He banged the door in my face.

That was the final blow.

To have tramped about all day looking for work; to have begged even for a job which would give me money enough to buy a little food; and to have tramped and to have begged in vain, that was bad. But, sick at heart, depressed in mind and in body, exhausted by hunger and fatigue, to have been compelled to pocket any little pride I might have left, and solicit, as the penniless, homeless tramp which indeed I was, a night’s lodging in the casual ward, and to solicit it in vain! that was worse. Much worse. About as bad as bad could be.

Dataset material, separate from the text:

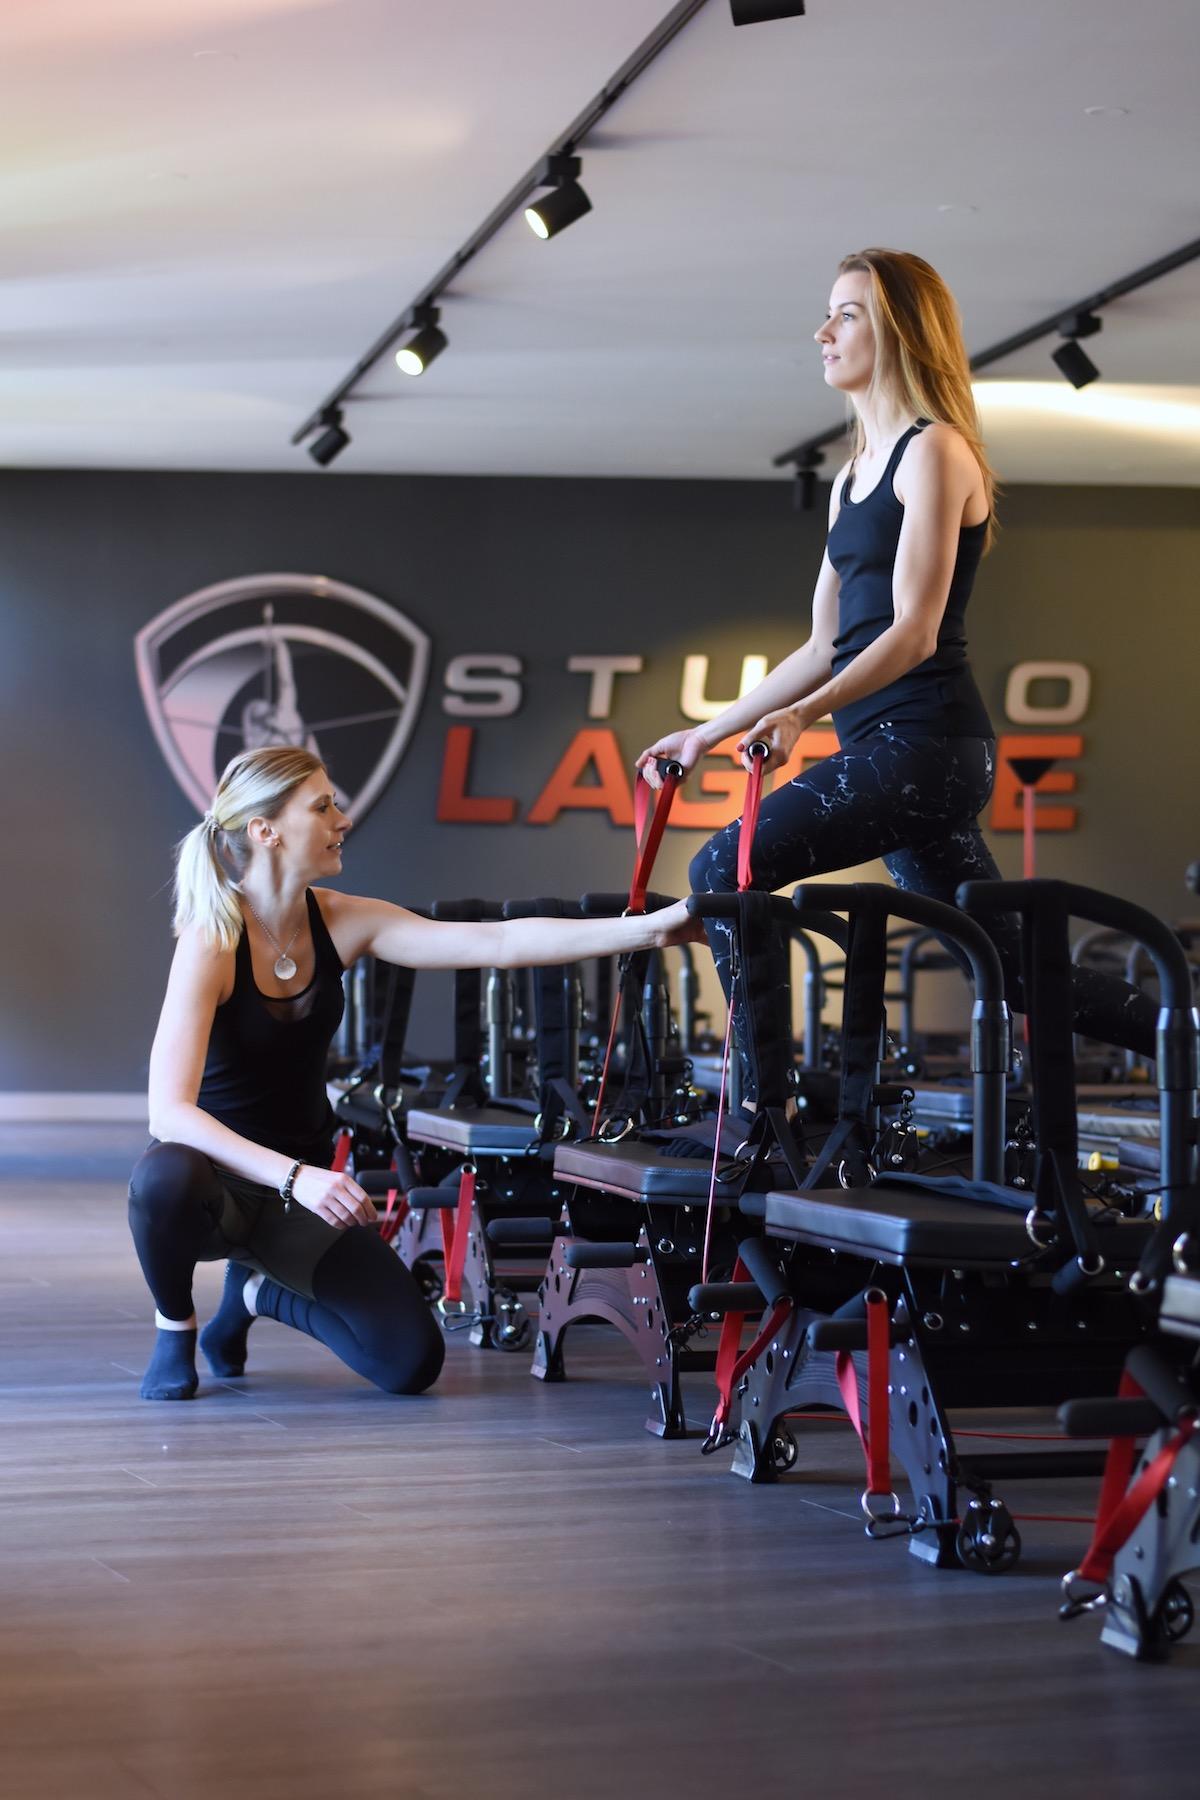 Studio Lagree München - ganzheitliches Fitnesstraining | Interview Korrektur bei den Übungen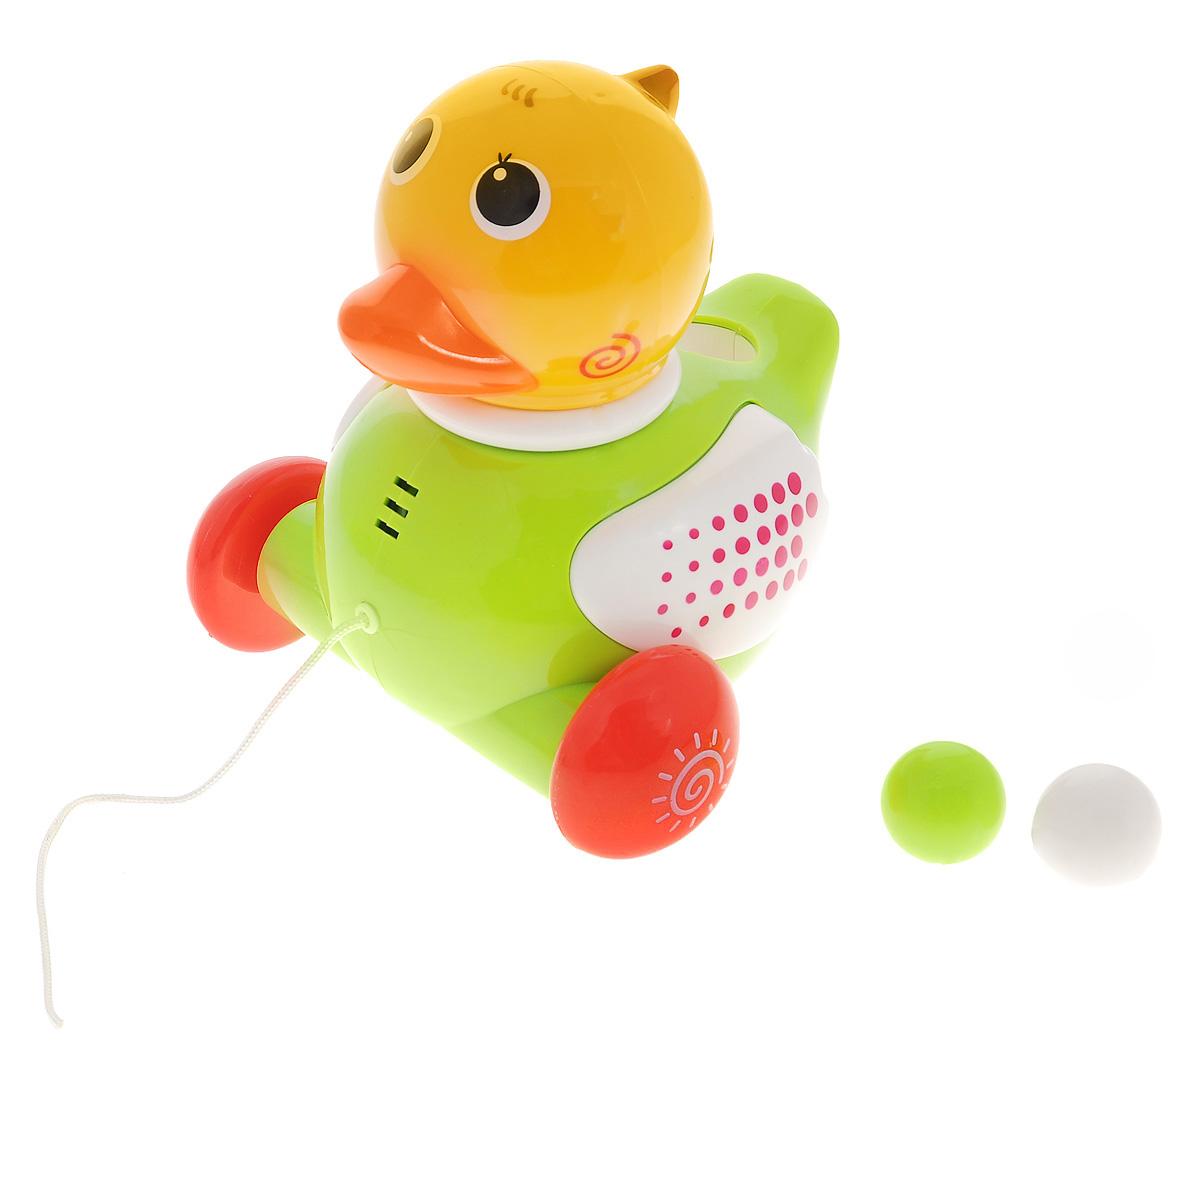 Малышарики Развивающая игрушка Музыкальная уточка цвет салатовыйMSH0303-015Развивающая игрушка Малышарики Музыкальная уточка - это не только веселая, но и полезная игрушка для малыша, которая не позволит ему скучать. С такой игрушкой малыш сможет познакомиться с миром звуков, а благодаря ярким световым и звуковым эффектам, игра будет еще интереснее. Игрушка выполнена из безопасного прочного пластика ярких цветов в виде забавной уточки. В комплект также входит шнурок для уточки и 2 шарика-яйца. Опустите шарик в специальное отверстие на корпусе игрушки, и она издаст забавный звук. Также малыш может катать уточку за собой - игрушка будет забавно качать головой, крякать и проигрывать веселую мелодию. Игры с такой игрушкой развивают мелкую моторику, концентрацию внимания, творческие способности, слуховое восприятие и координацию движений малыша. Необходимо докупить 2 батарейки напряжением 1,5V типа АА (в комплект не входят).

I stared, stupidly, at the door which had just been banged in my face. I could scarcely believe that the thing was possible. I had hardly expected to figure as a tramp; but, supposing it conceivable that I could become a tramp, that I should be refused admission to that abode of all ignominy, the tramp’s ward, was to have attained a depth of misery of which never even in nightmares I had dreamed.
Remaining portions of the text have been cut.